### Exercise description
Each line of the listing below must be retyped exactly, with images left out.

:: Information supplied

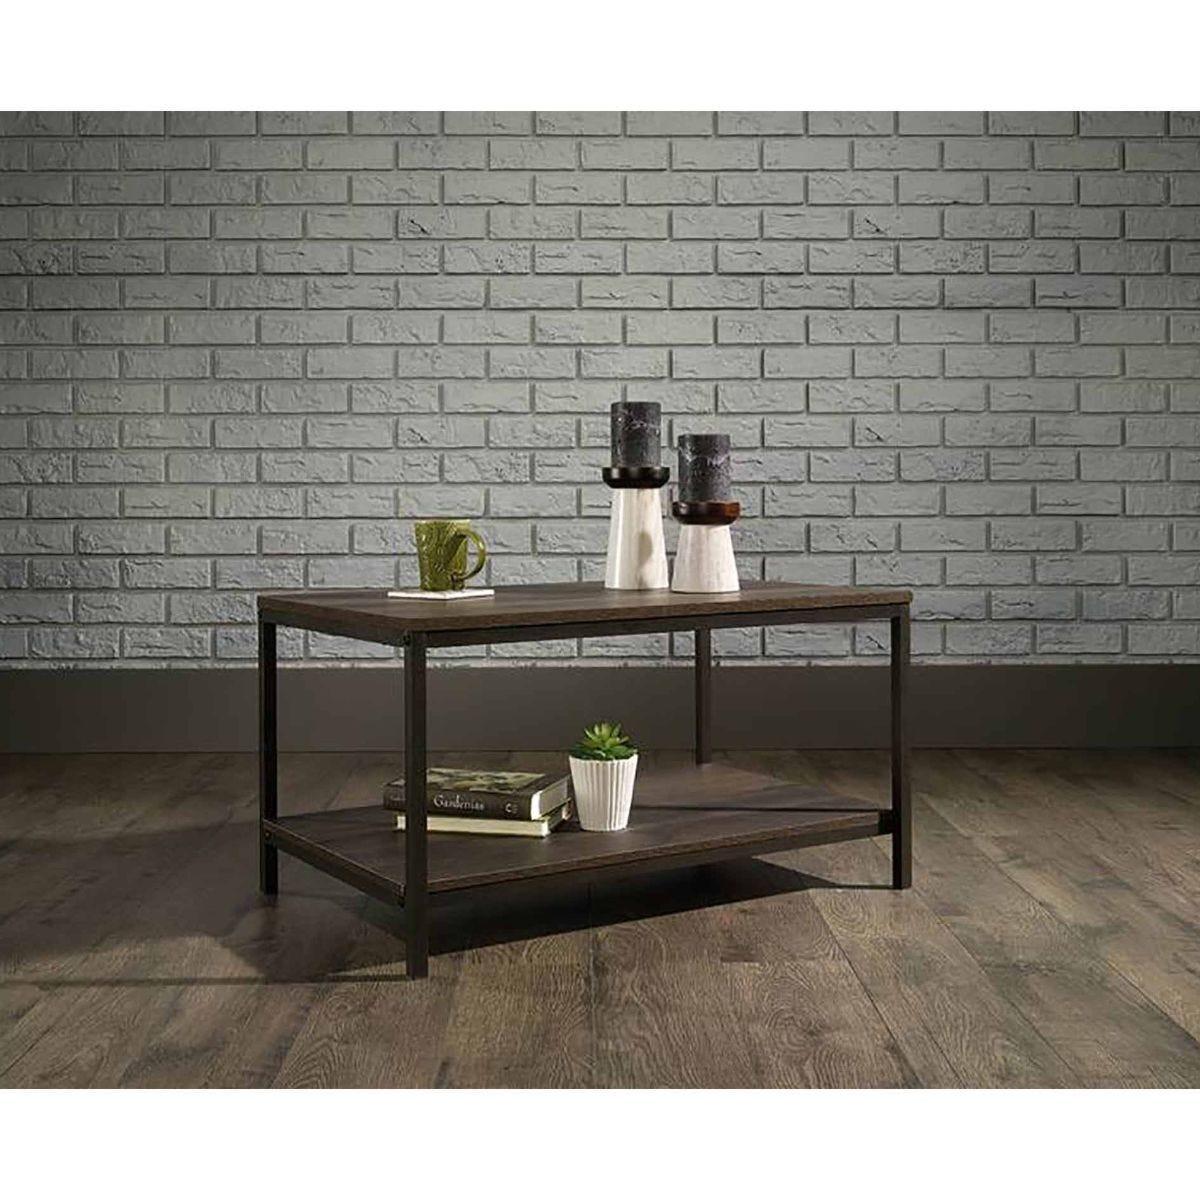 Teknik Office Industrial Style Coffee Table Oak
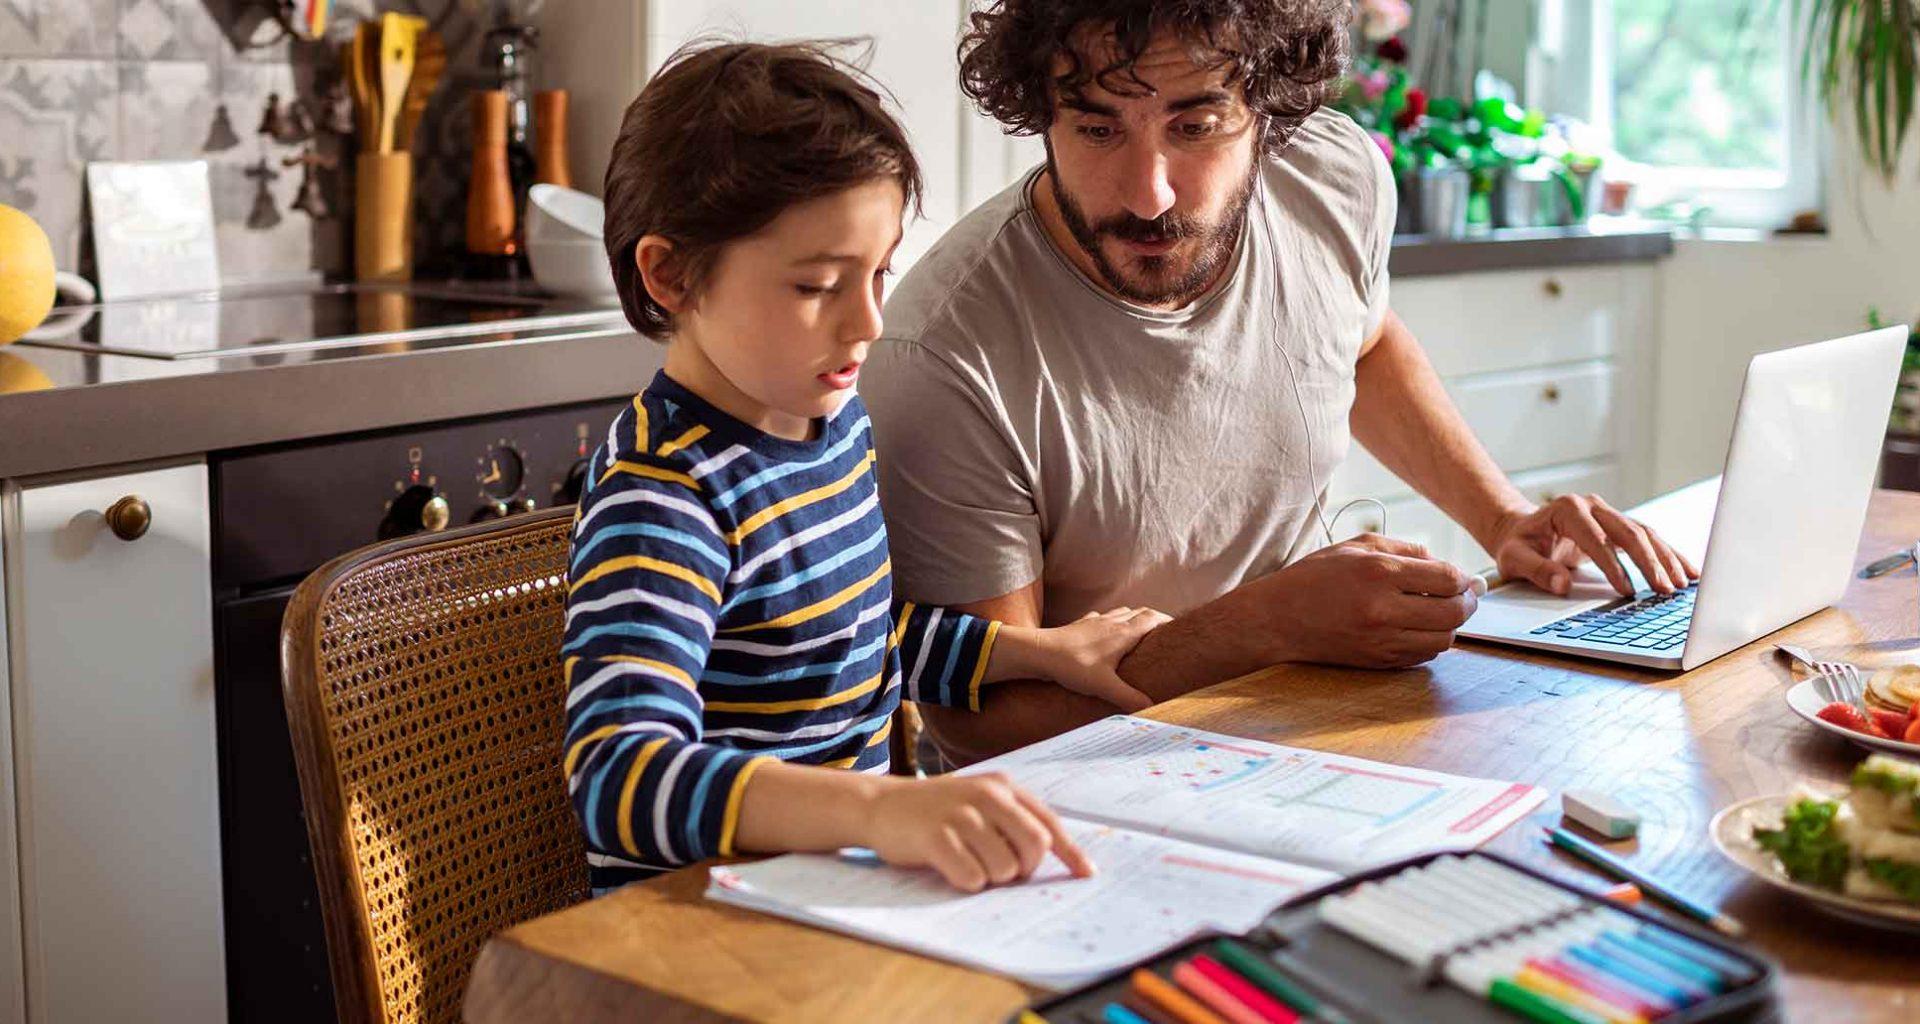 Wechselmodell: Das Beste für mich und mein Kind
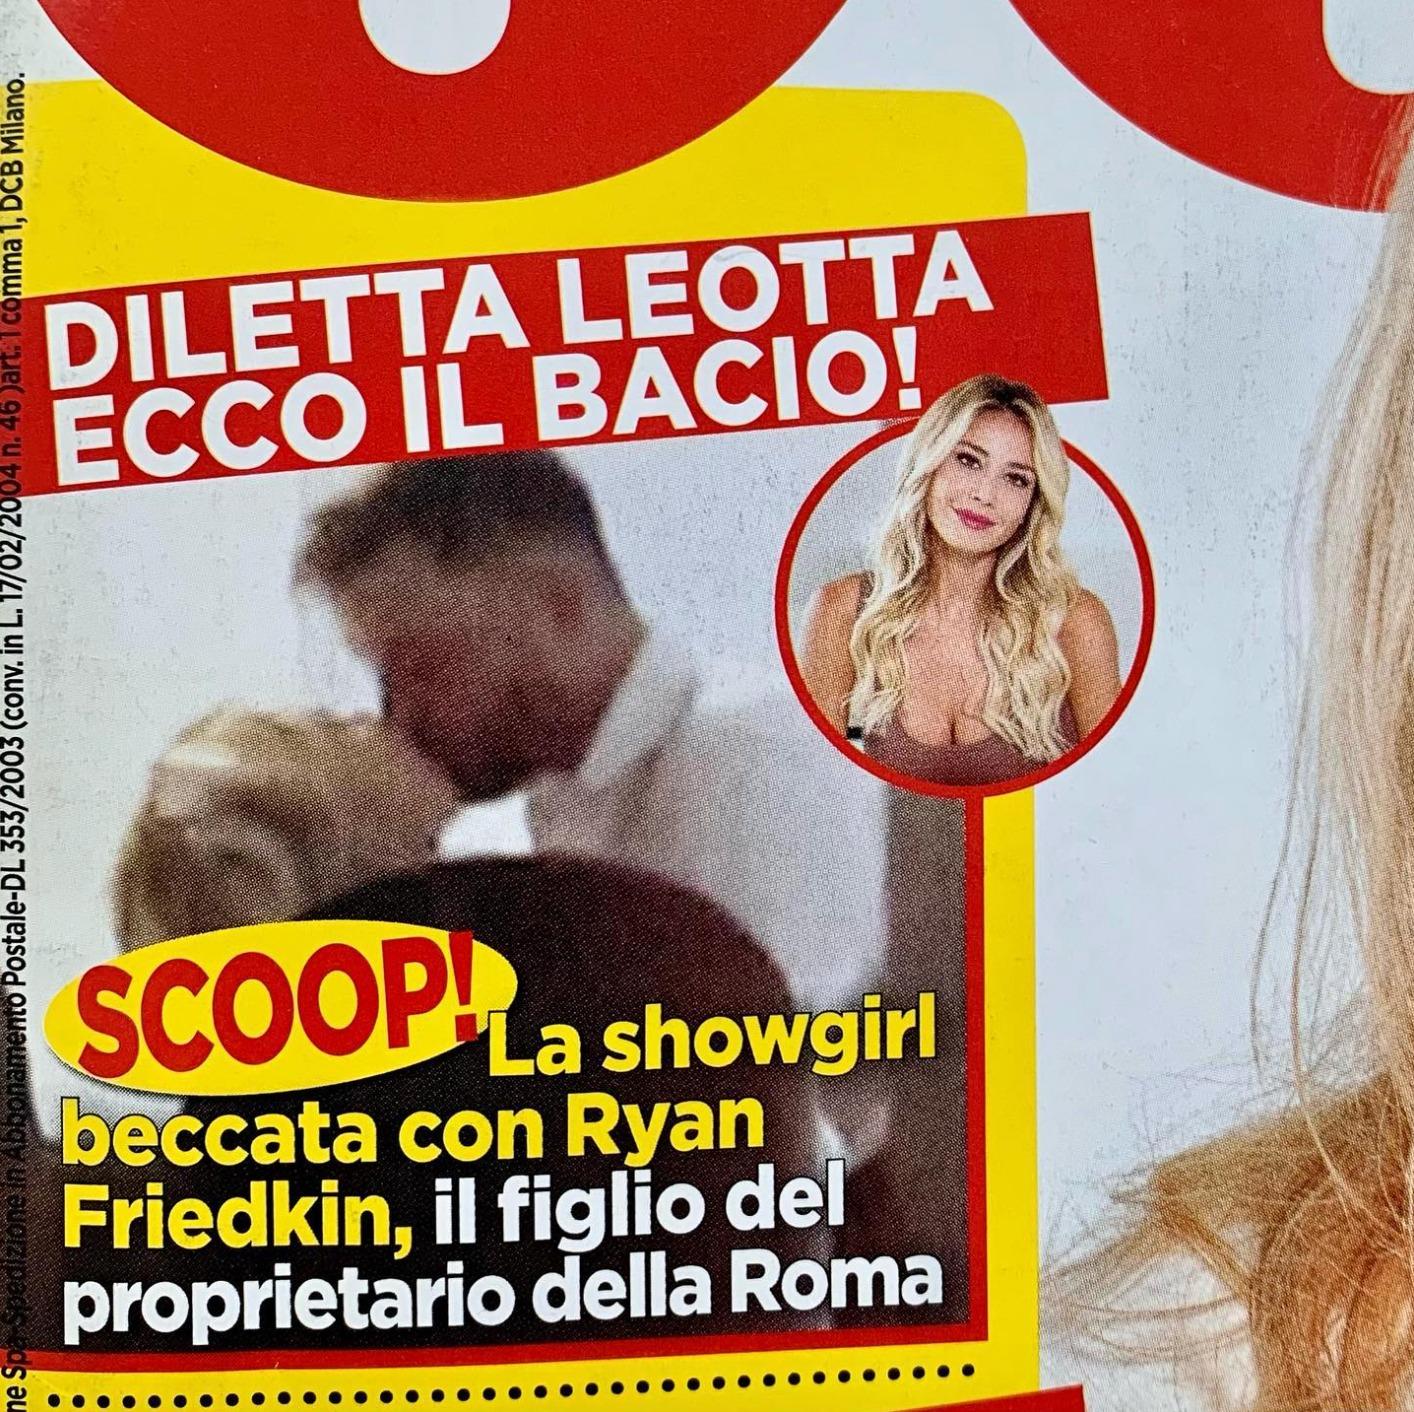 barbara d'urso critiche diletta leotta gossip

::::

### Answer space
 Teknik Office Industrial Style Coffee Table Oak
 Wechselmodell: Das Beste für mich und mein Kind
 barbara d'urso critiche diletta leotta gossip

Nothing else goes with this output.